Exiting because a job execution failed. Look above for error message
However when I look at the results/spike_global/aligned-delim.iqtree.log file, it looks like the tree was built:
Alignment was printed to results/spike_global/aligned-delim.fasta.uniqueseq.phy
For your convenience alignment with unique sequences printed to results/spike_global/aligned-delim.fasta.uniqueseq.phy
Create initial parsimony tree by phylogenetic likelihood library (PLL)… 28.085 seconds
NOTE: 392 MB RAM (0 GB) is required!
Estimate model parameters (epsilon = 0.500)
- Initial log-likelihood: -60288.255
- Current log-likelihood: -52884.715
Optimal log-likelihood: -52884.294
Rate parameters: A-C: 0.36331 A-G: 0.86950 A-T: 0.21617 C-G: 0.39216 C-T: 2.05273 G-T: 1.00000
Base frequencies: A: 0.279 C: 0.209 G: 0.206 T: 0.305
Parameters optimization took 2 rounds (70.383 sec)
Computing ML distances based on estimated model parameters… 2837.491 sec
Computing BIONJ tree…
1474.574 seconds
Log-likelihood of BIONJ tree: -52448.971
INITIALIZING CANDIDATE TREE SET Generating 8 parsimony trees… 224.761 second Computing log-likelihood of 8 initial trees … 33.582 seconds Current best score: -52448.971 Do NNI search on 2 best initial trees
Estimate model parameters (epsilon = 0.500)
BETTER TREE FOUND at iteration 1: -52310.505
Finish initializing candidate tree set (12)
Current best tree score: -52310.505 / CPU time: 395.445
Number of iterations: 2
OPTIMIZING CANDIDATE TREE SET TREE SEARCH COMPLETED AFTER 4 ITERATIONS / Time: 1h:23m:56s
FINALIZING TREE SEARCH Performs final model parameters optimization Estimate model parameters (epsilon = 0.050)

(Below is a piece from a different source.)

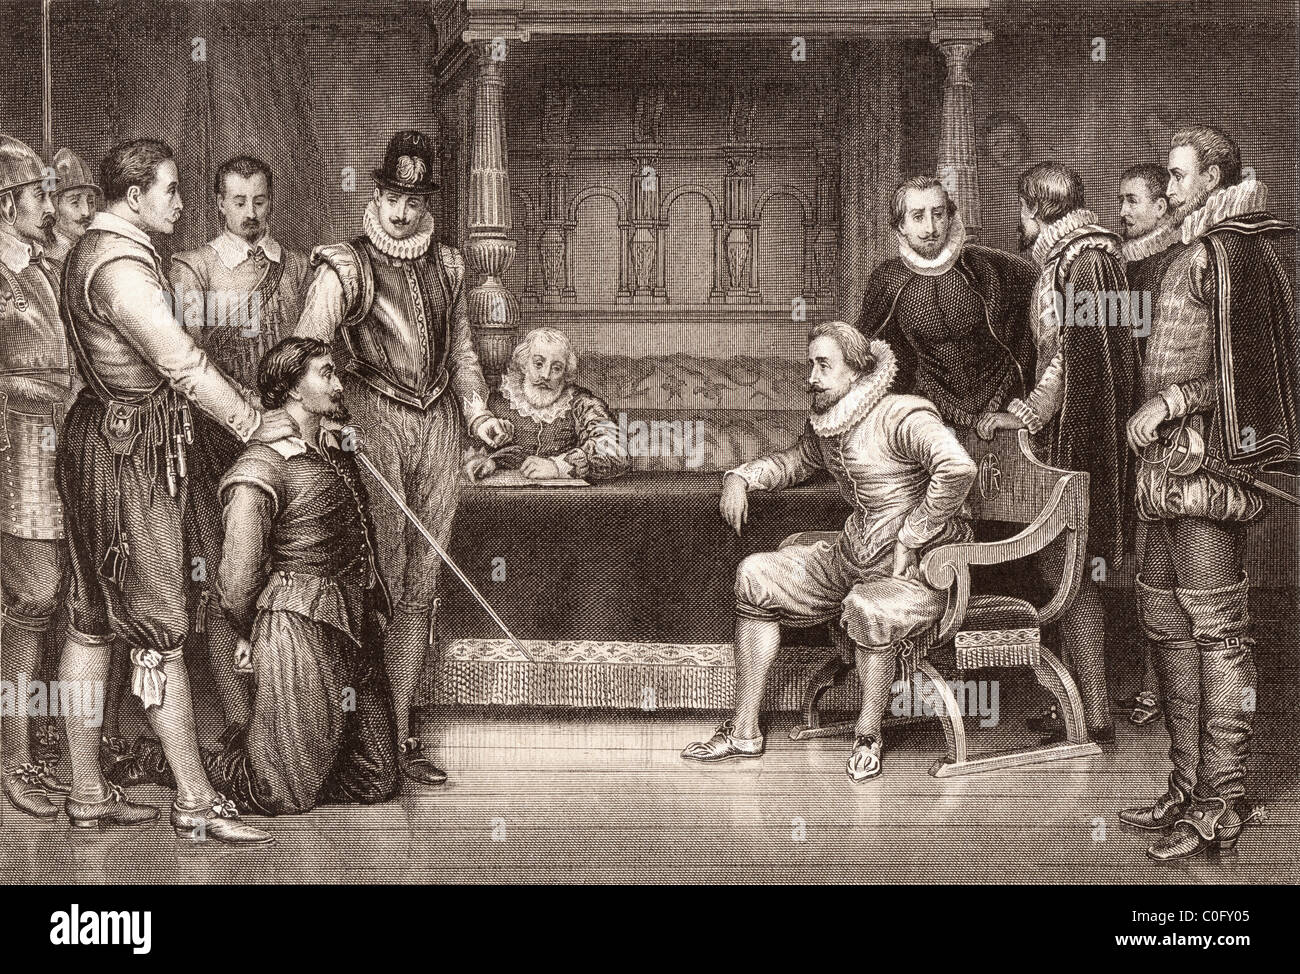 La conspiration. Guy Fawkes interrogé par James I et son conseil dans la chambre du roi Banque D'Images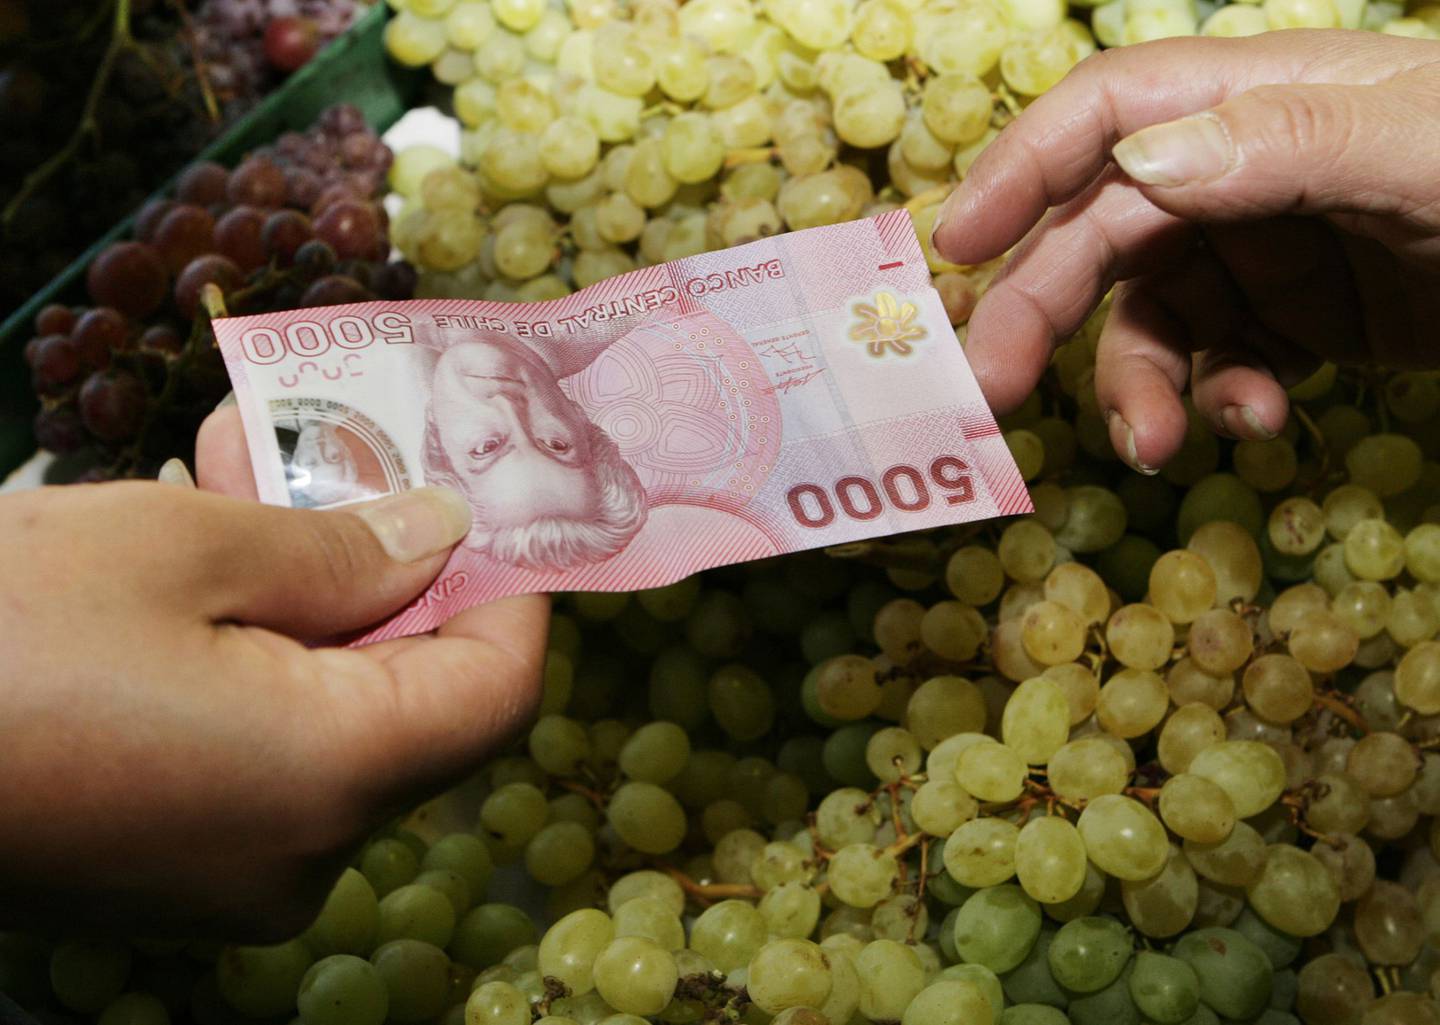 Una persona entrega un billete de 5 mil pesos chilenos. Fotógrafo: Morten Andersen/Bloomberg

- Initial log-likelihood: -52310.505
Optimal log-likelihood: -52310.497
Rate parameters: A-C: 0.36195 A-G: 0.89554 A-T: 0.20011 C-G: 0.33955 C-T: 2.09522 G-T: 1.00000
Base frequencies: A: 0.279 C: 0.209 G: 0.206 T: 0.305
Parameters optimization took 1 rounds (11.039 sec)
BEST SCORE FOUND : -52310.497
Total tree length: 1.322Total number of iterations: 4
CPU time used for tree search: 602.458 sec (0h:10m:2s)
Wall-clock time used for tree search: 605.088 sec (0h:10m:5s)
Total CPU time used: 5036.391 sec (1h:23m:56s)
Total wall-clock time used: 5048.890 sec (1h:24m:8s)Analysis results written to:
IQ-TREE report: results/spike_global/aligned-delim.fasta.iqtree
Maximum-likelihood tree: results/spike_global/aligned-delim.fasta.treefile
Likelihood distances: results/spike_global/aligned-delim.fasta.mldist
Screen log file: results/spike_global/aligned-delim.fasta.logDate and Time: Mon Apr 5 13:34:14 2021
There’s quite a bit of text above in the log file that I’m not sure is relevant, but it’s related to renaming problematic strains, e.g.
Lu’an_DELIM-QHMJMXEJNNOYGPIHOOFN_133_DELIM-QHMJMXEJNNOYGPIHOOFN_2020_DELIM-QHMJMXEJNNOYGPIHOOFN_EPI_ISL_1069210 → Lu_an_DELIM-QHMJMXEJNNOYGPIHOOFN_133_DELIM-QHMJMXEJNNOYGPIHOOFN_2020_DELIM-QHMJMXEJNNOYGPIHOOFN_EPI_ISL_1069210
…additional verbiage that follows this sort of regarding highly gapped seqs (for quite a few strains, just listing one here):
Gap/Ambiguity Composition p-value
1 Netherlands_DELIM-QHMJMXEJNNOYGPIHOOFN_Oss_1363500_DELIM-QHMJMXEJNNOYGPIHOOFN_2020_DELIM-QHMJMXEJNNOYGPIHOOFN_EPI_ISL_41358187.23% failed 0.00%
…and finally text that lists duplicate strains (just one listed here for brevity):
NOTE: Netherlands_DELIM-QHMJMXEJNNOYGPIHOOFN_Tilburg_1363354_DELIM-QHMJMXEJNNOYGPIHOOFN_2020_DELIM-QHMJMXEJNNOYGPIHOOFN_EPI_ISL_413586 is identical to Netherlands_DELIM-QHMJMXEJNNOYGPIHOOFN_Oss_1363500_DELIM-QHMJMXEJNNOYGPIHOOFN_2020_DELIM-QHMJMXEJNNOYGPIHOOFN_EPI_ISL_413581 but kept for subsequent analysis
The warnings related to gaps are expected; I’m trying to create a spike-specific build that works by masking the majority of the sequence. The resulting .phy alignment file looks fine, and the .iqtree
file looks like it contains tree info, including in newick format. But I’m not sure why the snakemake rule fails. Any ideas? Thanks!